++++ Dataset extract ++++

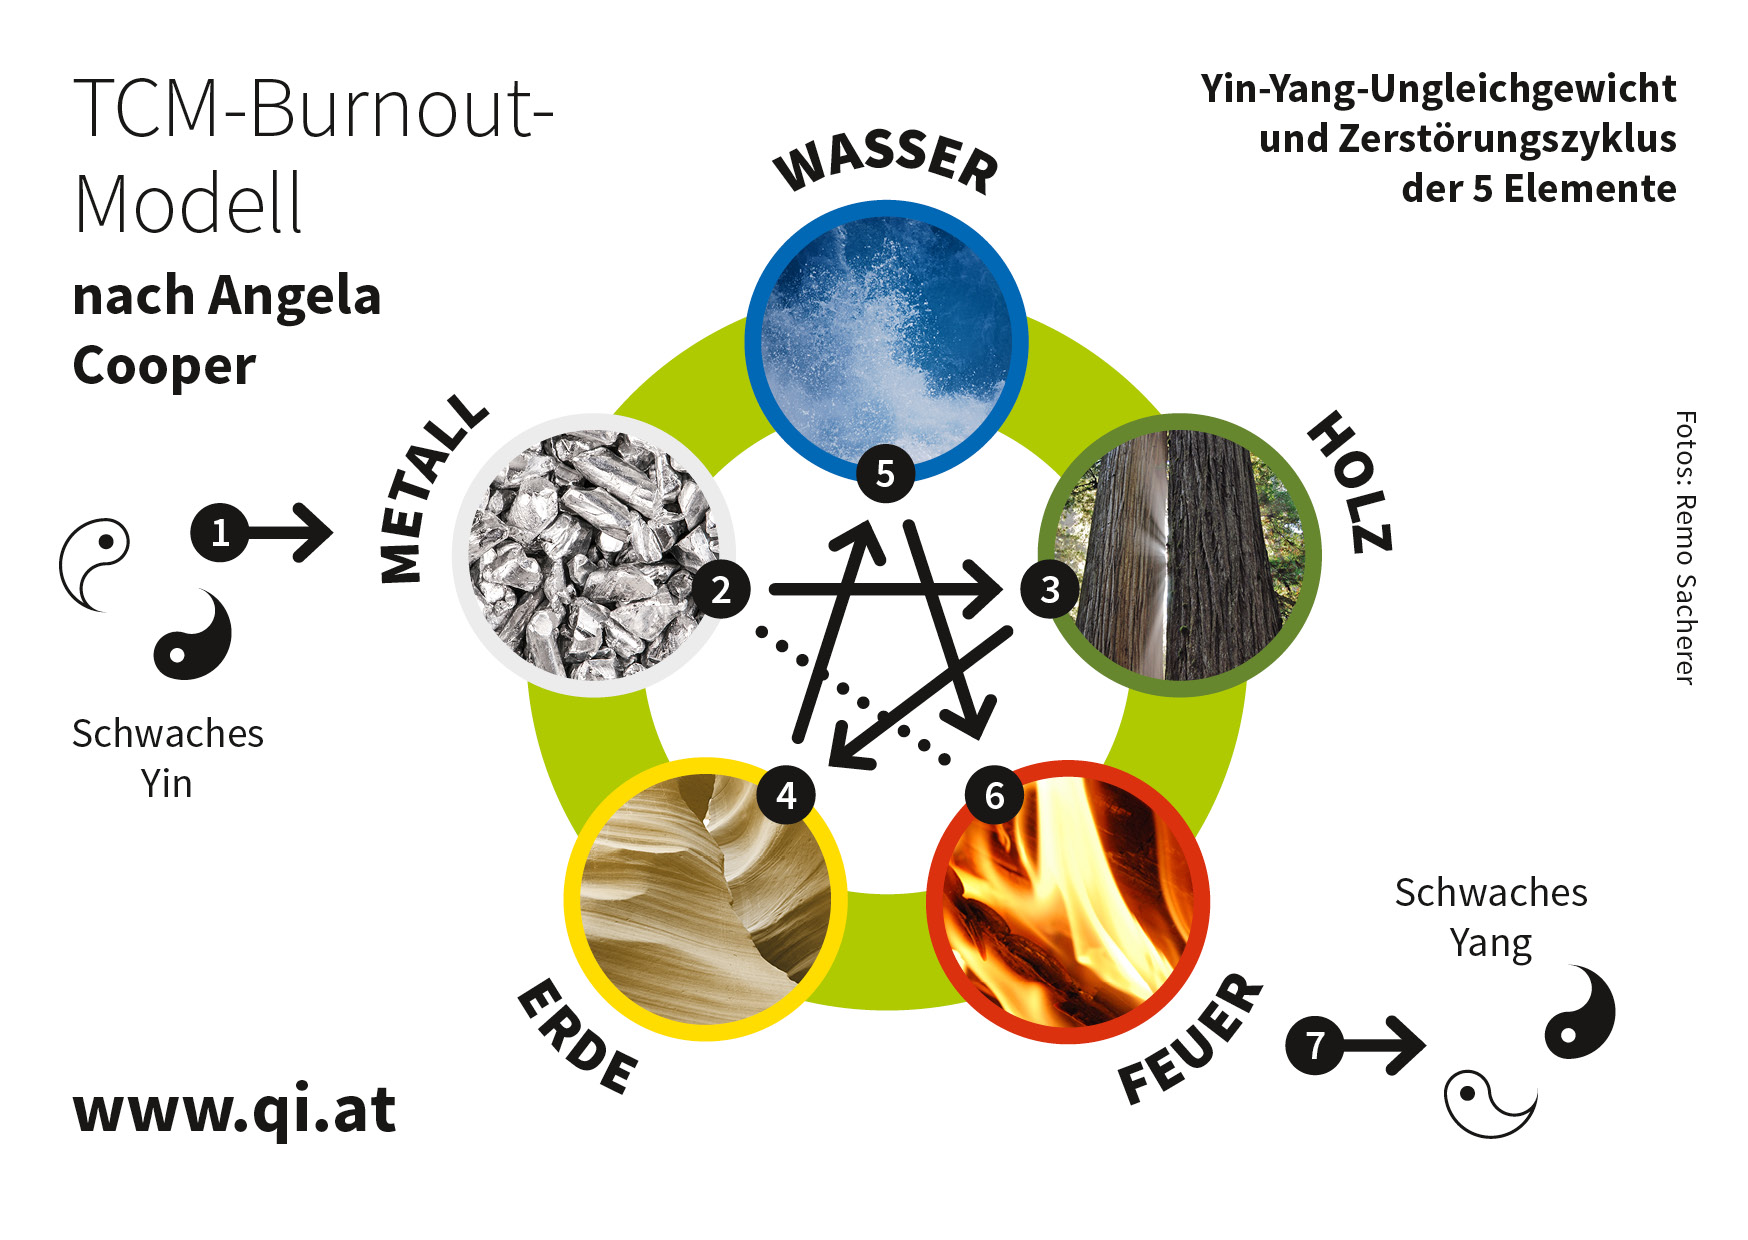 Burnout-Syndrom aus Sicht der Traditionell Chinesischen Medizin (TCM) nach Angela Cooper
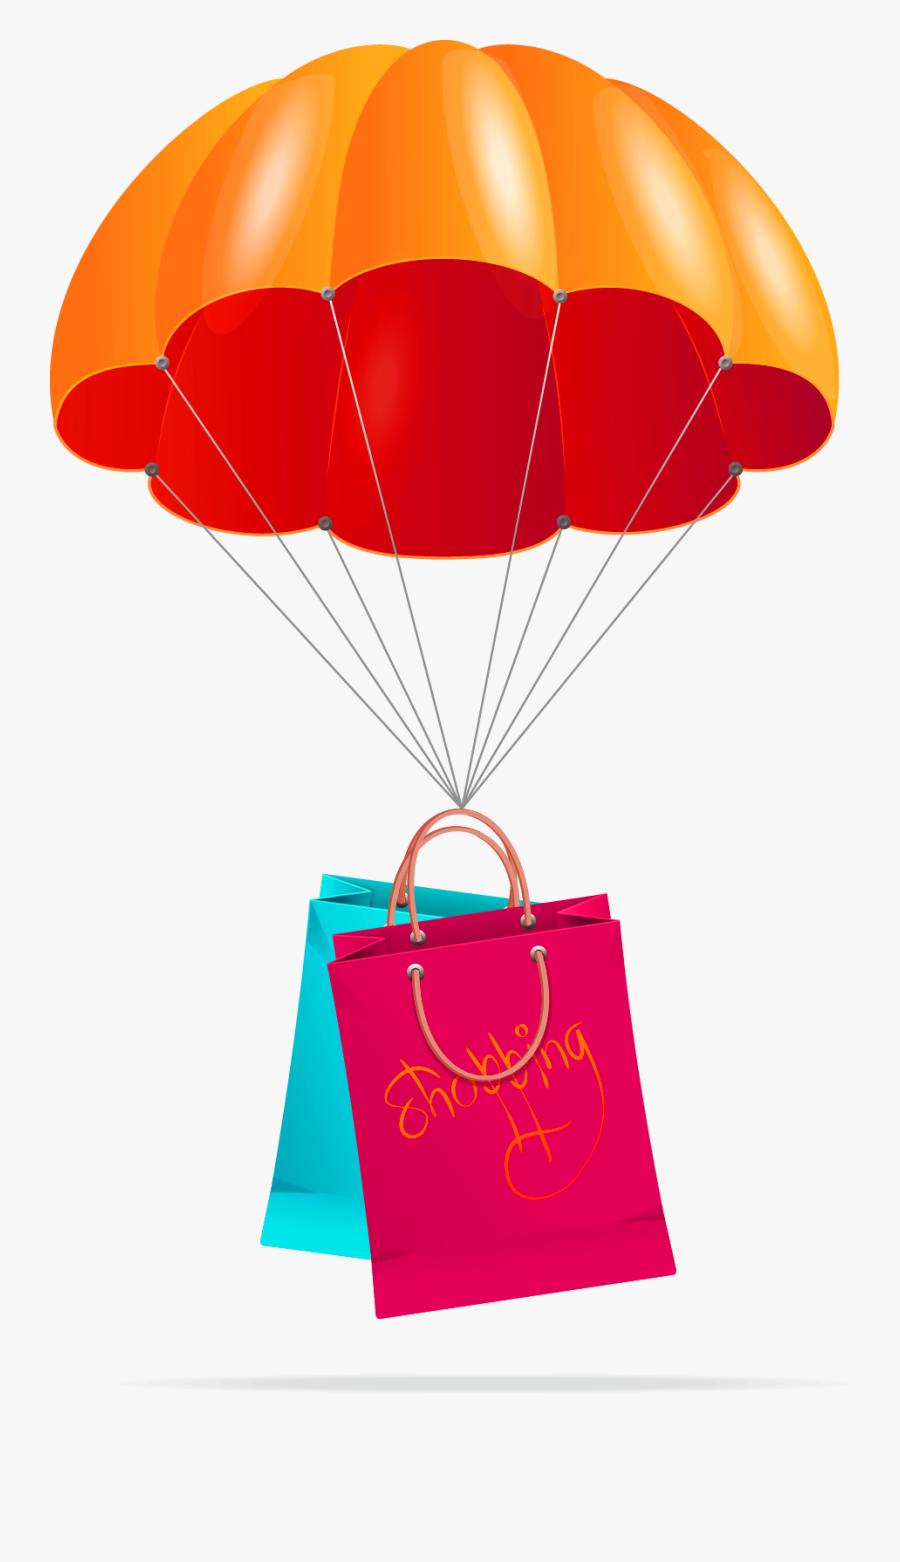 Parachute Clipart Clip Art - 降落傘 卡通, Transparent Clipart
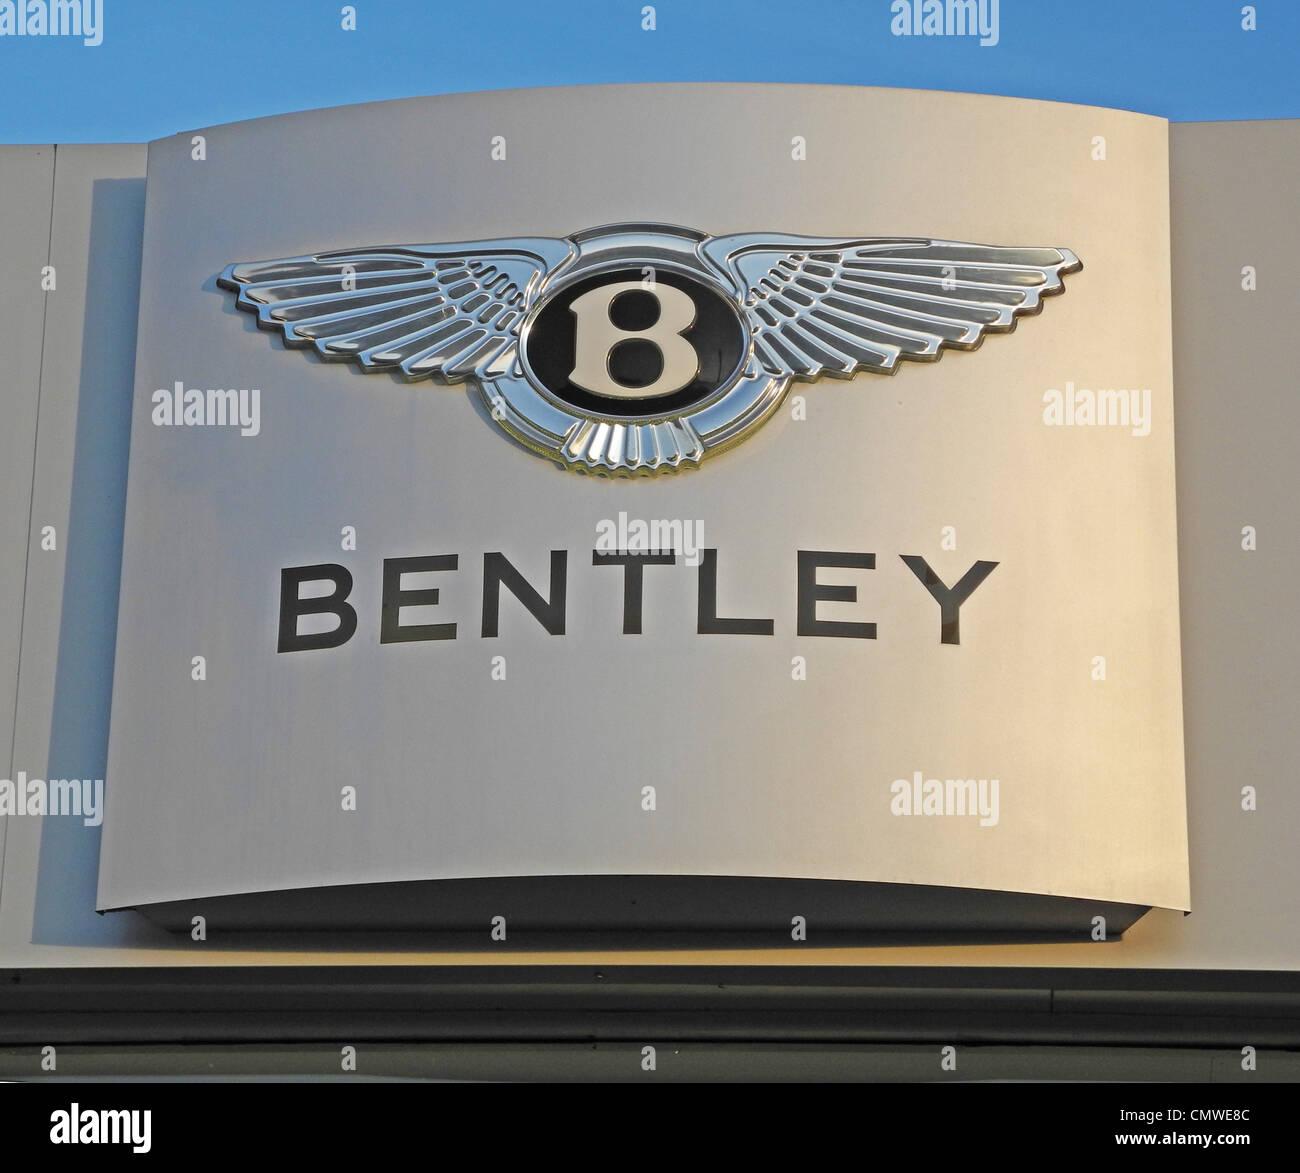 The Bentley Car Company Trade Mark On A Garage Editorial

++++

From the first line to the last, repeat the data above exactly and leave the pictures out.

 Burnout-Syndrom aus Sicht der Traditionell Chinesischen Medizin (TCM) nach Angela Cooper
 Parachute Clipart Clip Art - 降落傘 卡通, Transparent Clipart
 The Bentley Car Company Trade Mark On A Garage Editorial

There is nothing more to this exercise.